Tradisi Perang Topat di Lombok Minim Wisatawan Asing



 
Salah satu ritual wajib yang dulaksanakan  
masyarakat sebelum perang topat di pura Lingsar, Lobar, 
Sabtu (6/12/2014).
Tradisi tahunan perang topat yang dilaksanakan di Pura Lingsar, Sabtu (6/12/2014), dibanjiri ribuan pengunjung, khususnya warga dari Kecamatan Lingsar dan sekitarnya. Namun perang topat ini belum mampu menyedot animo wisatawan mancanegara.

Para pengunjung ini berkumpul menyaksikan perhelatan Perang Topat. Ada kelompok yang mengenakan pakaian adat serta membawa rombong berupa lumbung kecil berisi beras ketan.
Kelompok masyarakat  ini terbagi atas dua suku, yakni Suku Sasak dan Suku Bali, menyatu dalam kegiatan tradisi warisan leluhur itu.

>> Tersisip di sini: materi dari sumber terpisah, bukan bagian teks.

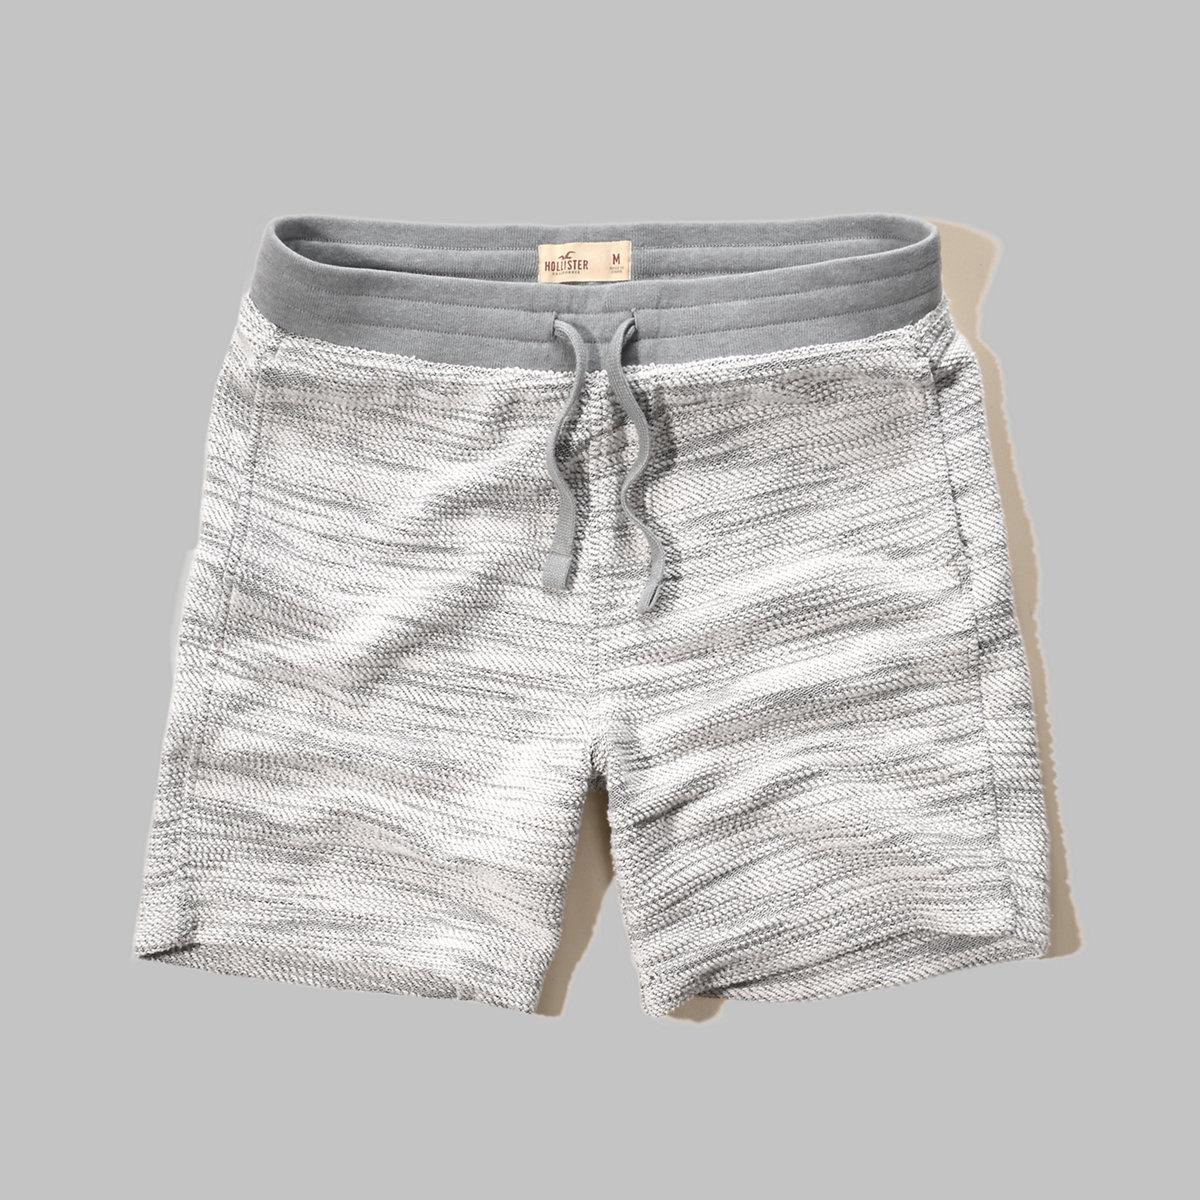 Hollister Beach Prep Fit Jogger Shorts

Perang Topat sendiri dilaksanakan setiap tahun pada Purnama Sasi keenam menurut Kalender Bali, dan  bulan purnama ke-pitu' (tujuh) menurut Kalender Sasak. Perang Topat bertepatan dengan upacara persembahyangan pujawali bagi umat Hindu.Tidak heran jika pada kegiatan tersebut dua kebudayaan tampak melebur. Tokoh masyarakat dan tokoh agama dari kedua belah pihak ikut meramaikan kegiatan tersebut.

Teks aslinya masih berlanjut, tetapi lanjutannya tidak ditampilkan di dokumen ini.